When there is a collaborative approach to relationship and “Responsibility Communication”, I take responsibility for everything I am feeling and I stay focused on my ability to create what I am experiencing. So that when I am uncomfortable, or sad, or angry, or hurt, or confused, I realize that I need to focus on how I am creating that experience if I am to change it. Then I can ask for the Love and support of my friend or family member as I take the time to change and heal the false negative reality within my mind.
I can tell you from personal experience that it is much less stressful to explore my hurt with a collaborative partner, than it is to confront my hurt by attacking and blaming the person I feel caused it!

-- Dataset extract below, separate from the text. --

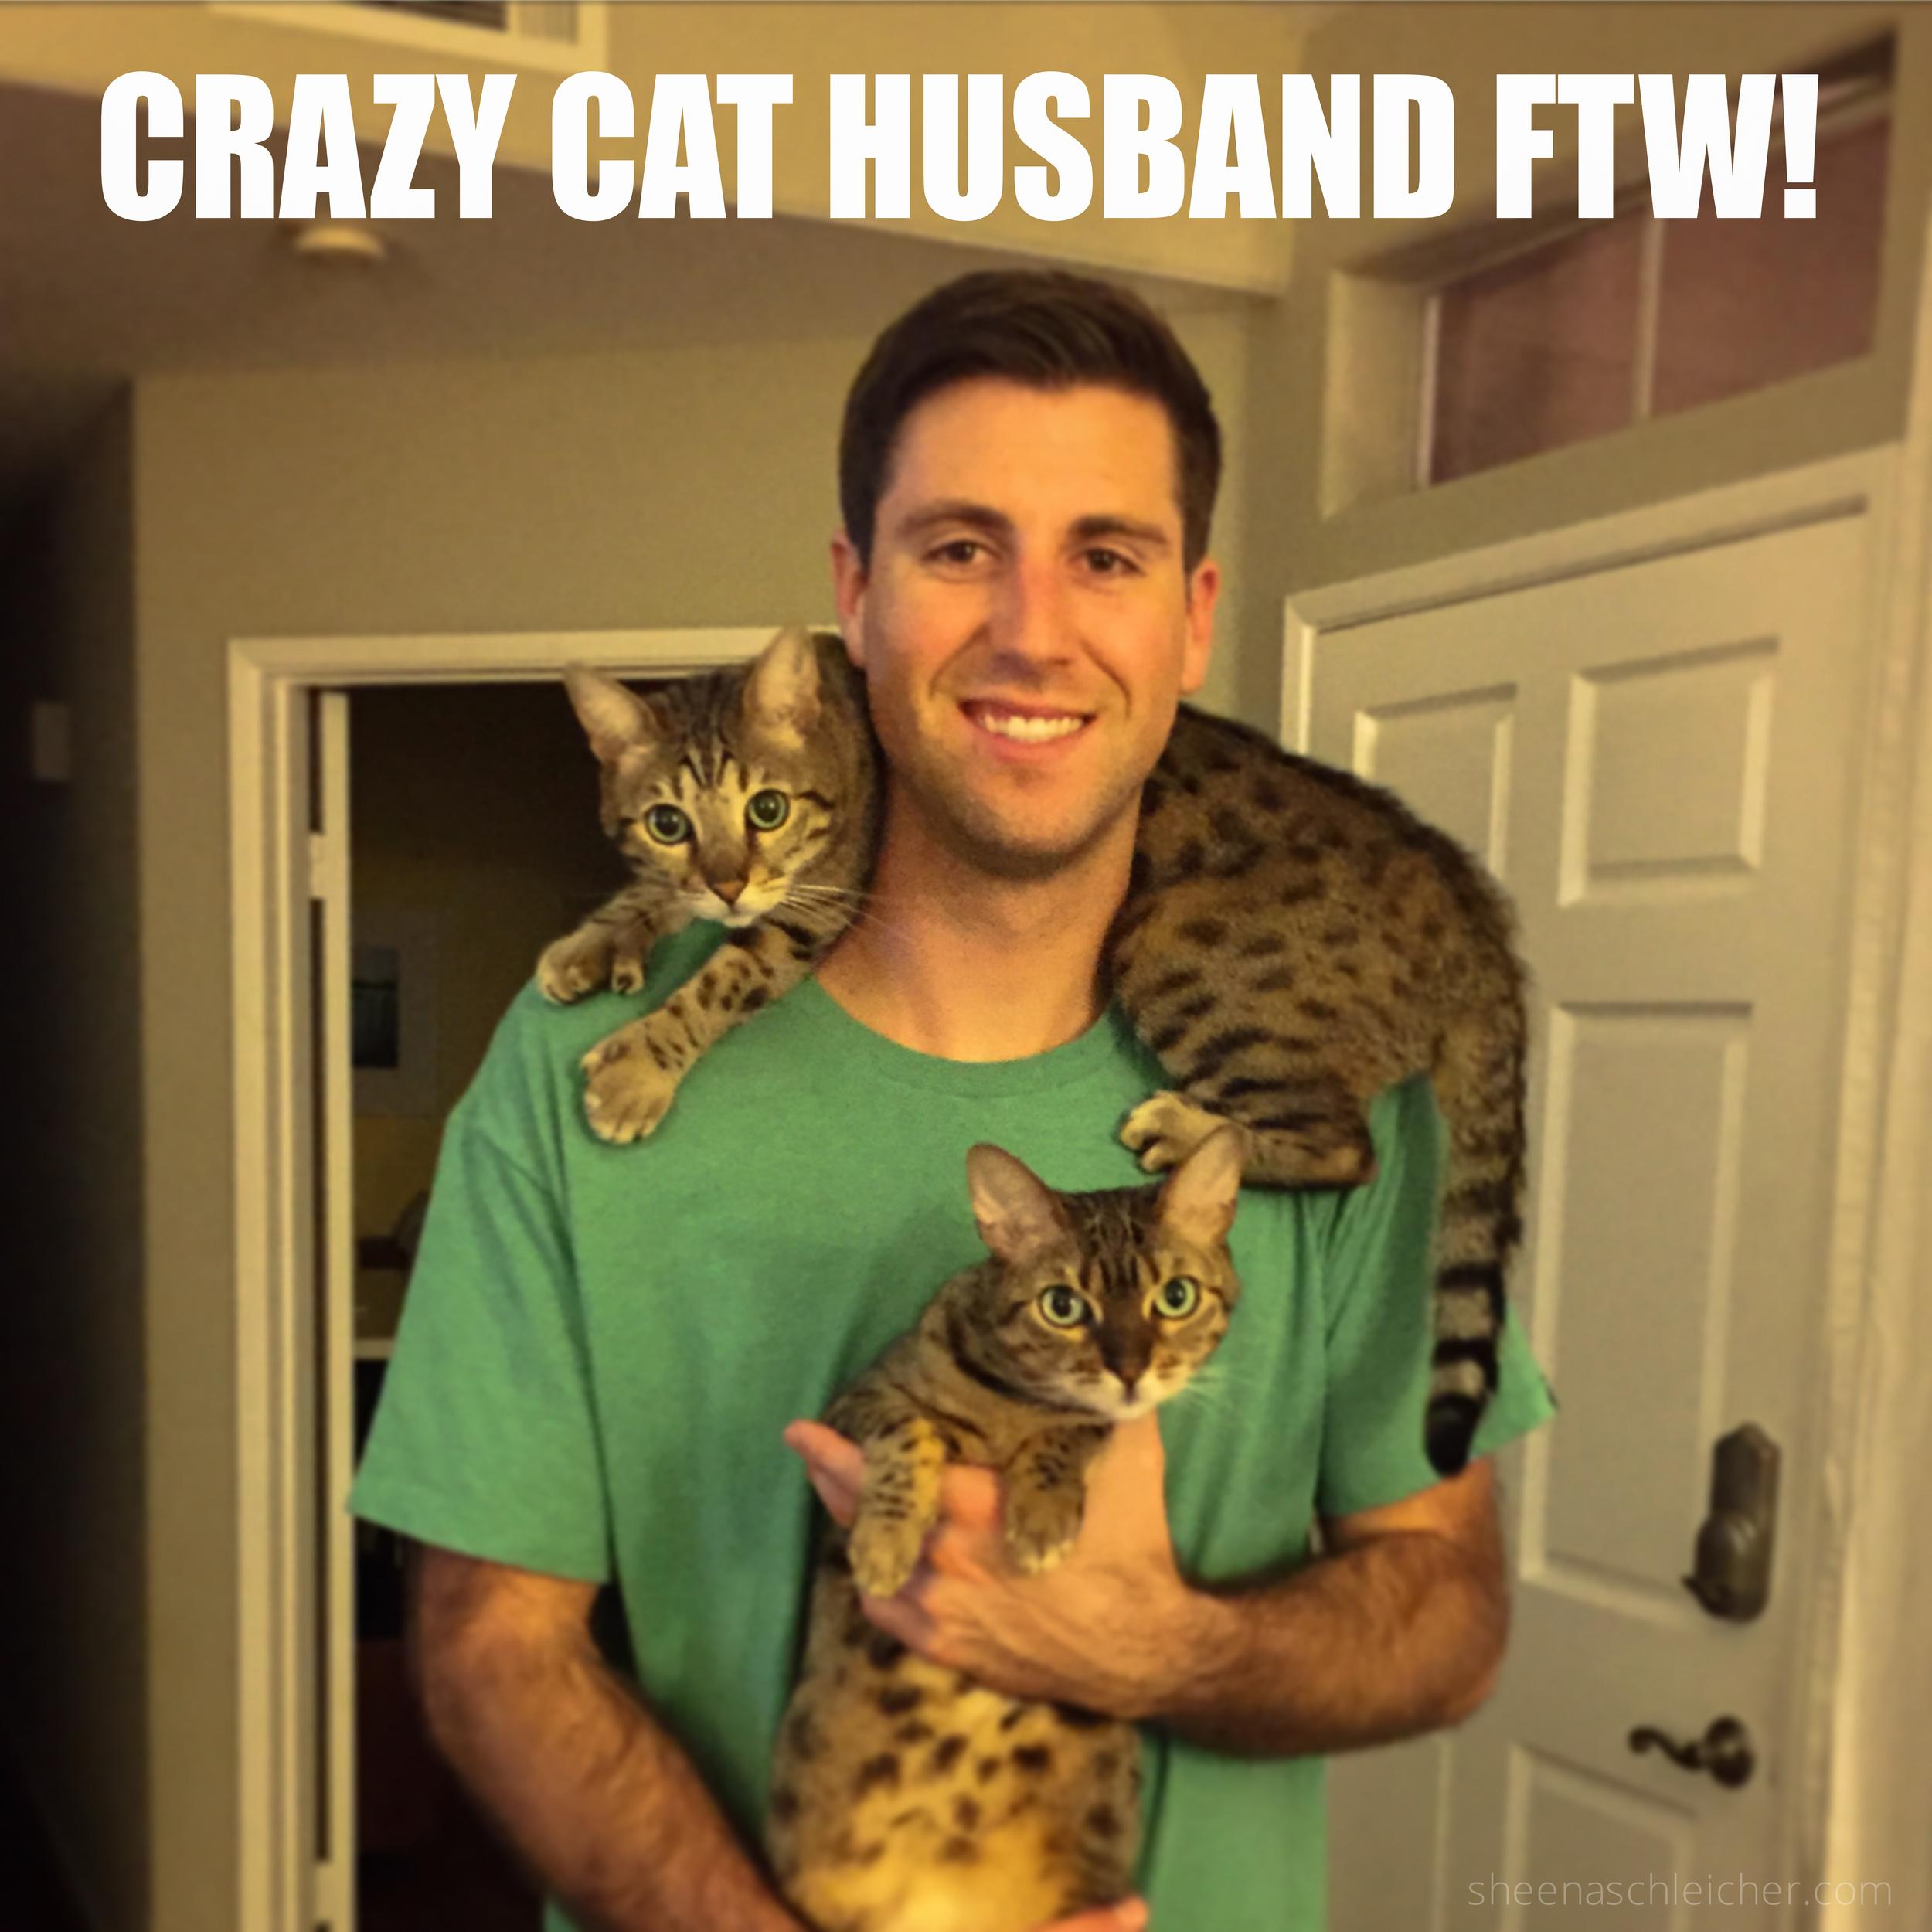 Crazy cat husband #cat #meme

This lecture tied beautifully into the lecture by Guy Finley which we listened to last week. One of the key points in Guy Finley’s talk was that because we have become so focused on acquiring what it is we think will give us peace and freedom from fear, we have come to the point where we view everyone else as either a suspect or a prospect. We either want to blame others for causing our emotional pain and frustration, or we see them as someone who can take away our emotional pain and frustration. This leaves us with the following summary statement; “All attempts at acquisition are the bitter fruit of an imitative life”. When one realizes that there is nothing missing within the Self, there is no desire for acquisition.
We come from Love, we are made of Love, we are Love. Everything else is false.